那人稍顿,静静的看着地上的碎片,茶水晕散冒着热气,雨水飞溅而来,热气消散,他捻了捻指尖残留的余温,轻声道:“总感觉有事要发生。”

心里有些不安。

“殿下,有人求见。”徐福执伞绕过廊道走来。

“何人?”沈昱弯下身子捡起地上破碎的茶盏。

徐福摇头:“不知。”他合上伞:“新来的侍从前来禀报,他并未识得来者何人,只道是位女子。”

“女子?”

沈昱还未来得及细想,雨雾中闯入的身影便给了他答案。

黄白游衣裙与这水墨夜色其实并不相配,却在这荒芜画卷中平添了一抹绮丽,隔着层层雨幕,绮丽逐渐加深,越发明晰,绚烂而又深刻。

她踏入院中,任凭雨水淋溅,清亮的眼眸不掩分毫。

沈昱随即起身,他夺过徐福手中的伞,毫不犹豫闯入雨幕,雨敲打在瓦片上,夹着一股股细流沿着瓦槽与屋檐泄下。

“哎,殿下,担心着凉。”徐福想要跟上,又因这雨止住脚步躲回檐下。

他仔细地辨认来人,瞧清脸的一刻慌然失色:“永宁公主!”

雨丝滴落在两旁的花木之上,将层层叠叠的细碎枝叶洗涤得干净透亮,碧绿间泛着晶莹光芒,又顺着叶尖滴落在地,发出清脆的声响。

漫天的雨幕里,熟悉的身影出现在眼前,拍打在身上的雨被隔绝在外,司柠止住脚步,掩去眸底情绪。

雨滴落在伞面,绽出一朵朵小水花,两人站在伞面之下,四周传来浑厚的淅沥声,由远及近,轻轻重重。

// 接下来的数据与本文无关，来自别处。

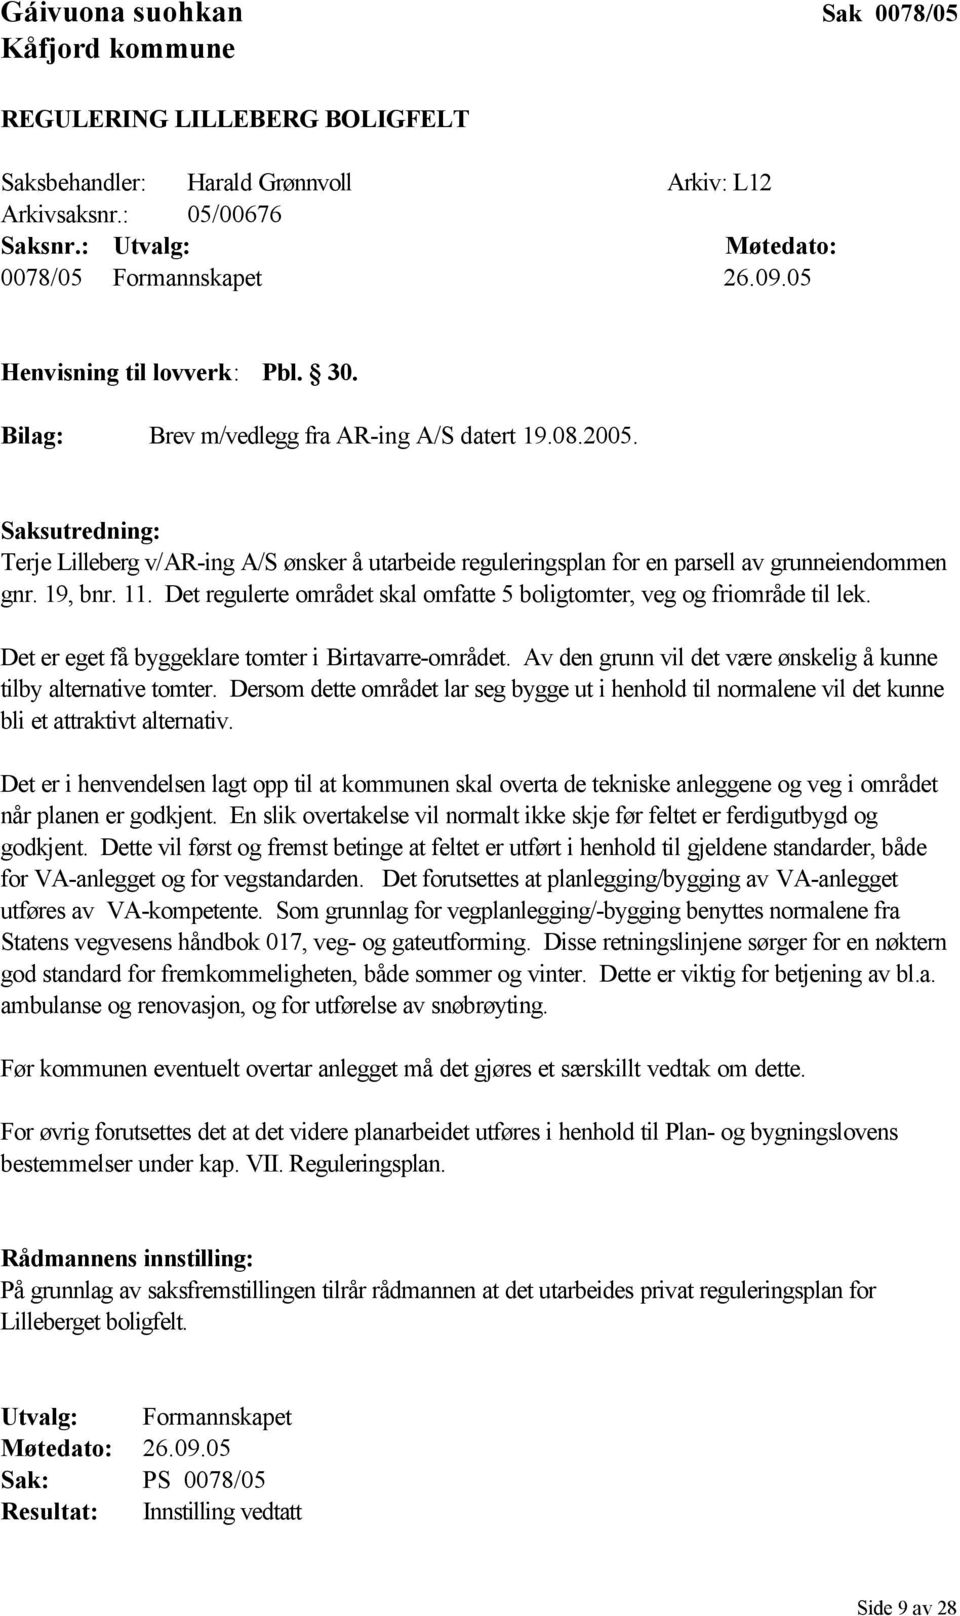 Saksutredning: Terje Lilleberg v/ar-ing A/S ønsker å utarbeide reguleringsplan for en parsell av grunneiendommen gnr. 19, bnr. 11.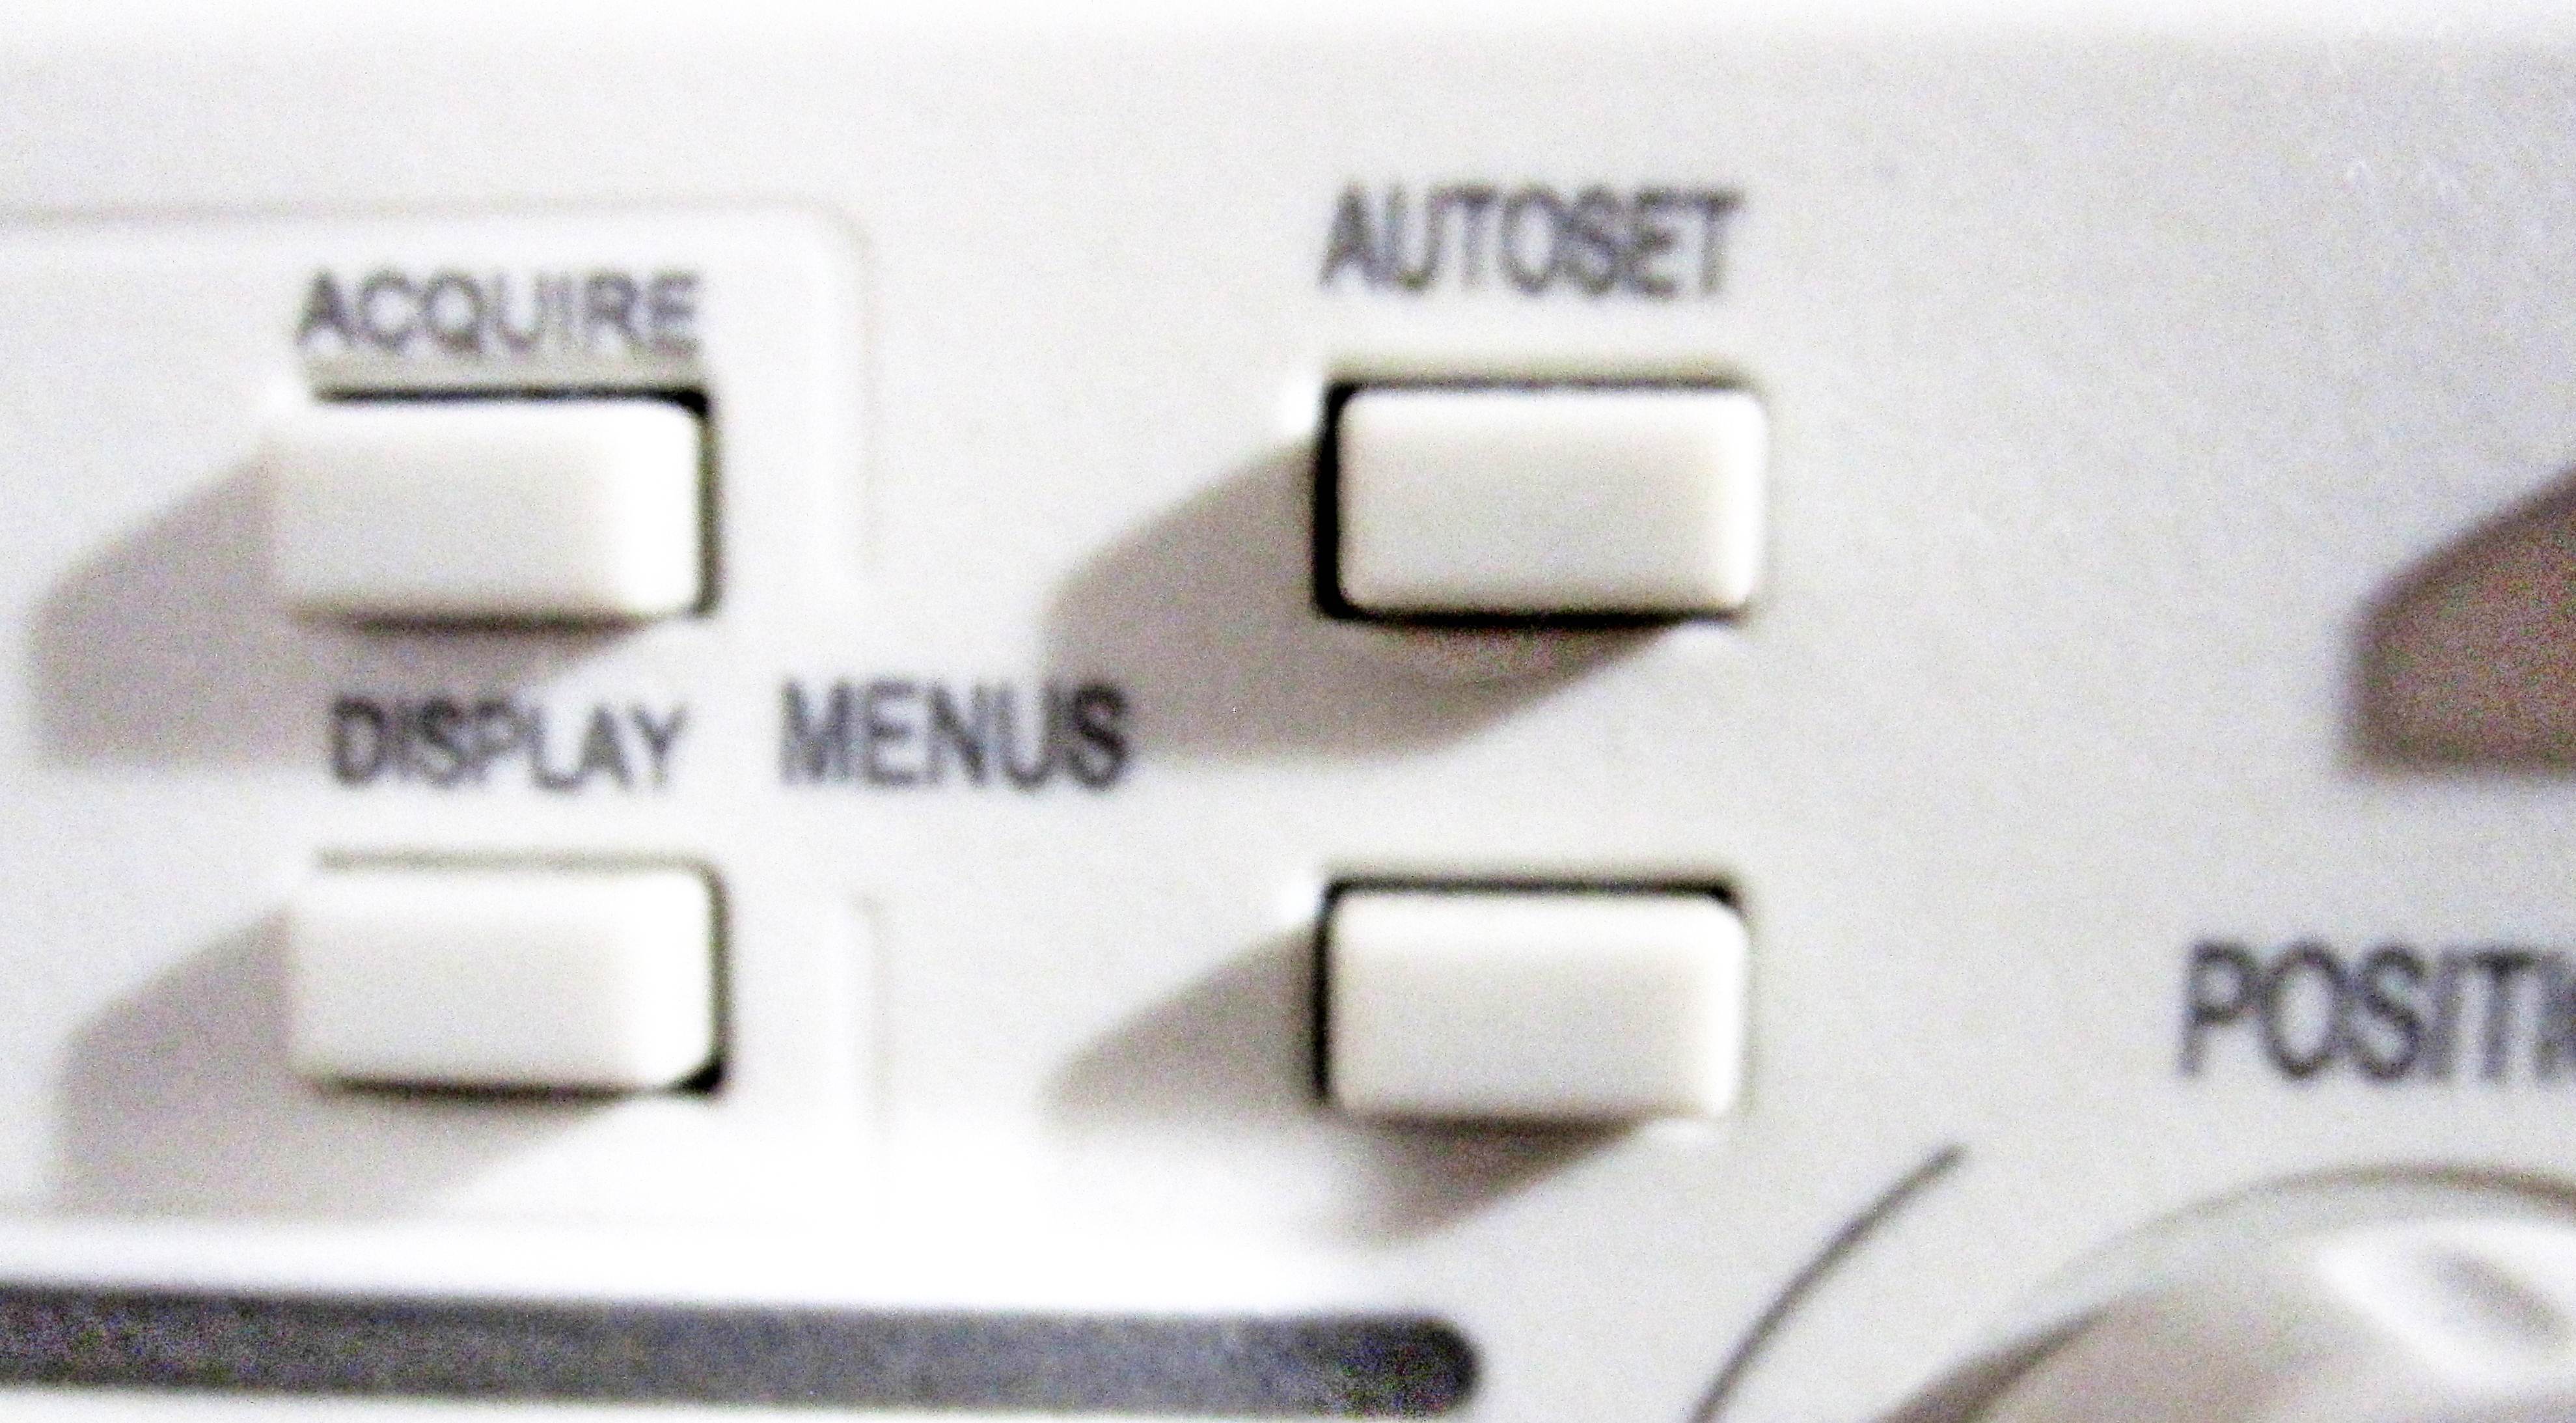 Autoset Button on Oscilloscope

被远远撇在身后的侍卫制服了南星,他们匆忙跑来,看清院中场景时又顿在原地不敢动作。

徐福不管不顾冒雨跑过,轻声将他们赶走。

雨中隐约有桃花的幽香,司柠抬起眼眸,静静地望着他,记忆中模糊的脸庞逐渐与眼前之人重合。

两人一眨不眨地对视着,一个在试探,一个在确认。

雨势变大,油纸伞的声响更加清脆,雨水顺着伞沿滑落,坠入执伞人后背。

他似是不觉,只将伞往她倾斜了几分。

司柠微微低头,额前几缕碎发垂下,显得孤寂又脆弱,她深吸了口气,将手中紧握的云纹玉佩抬到眼前,艰涩开口:“玉佩是你的,对吗?”

沈昱看了眼玉佩,敛下沉寂的眼眸,低沉沙哑的声音随着雨水响起:“是。”

雨声变得安静,强烈的心跳紧接而来。

“你……”司柠喉咙哽了下:“究竟是谁?”

沈昱看着她,眸中情绪翻涌。

不等他回话,司柠又道。

“是大晟燕王沈昱。”

“是南桑蕴真酒坊老板……止淮。”

沈昱紧抿住唇。

“我之前就问过你的。”司柠死死的盯着他,眼睛通红:“你说你不是他,那现在呢?”

“司柠。”沈昱颤抖着声音唤了一句。

司柠终于崩溃,眼泪潸然落下,哽咽道:“我最后再问你一次,你是止淮吗?”

油纸伞的声响转小,周围只剩淅沥雨声,方圆之内显得尤为安静,司柠直盯着他的眼眸,似乎要直透他的内心。

沈昱张了张嘴,这个不是却怎么也说不出口。

“你还是不愿意承认。”她勾唇惨然一笑,脸色苍白至极,眸底一丝光彩也没有:“是啊,止淮……早就死了。”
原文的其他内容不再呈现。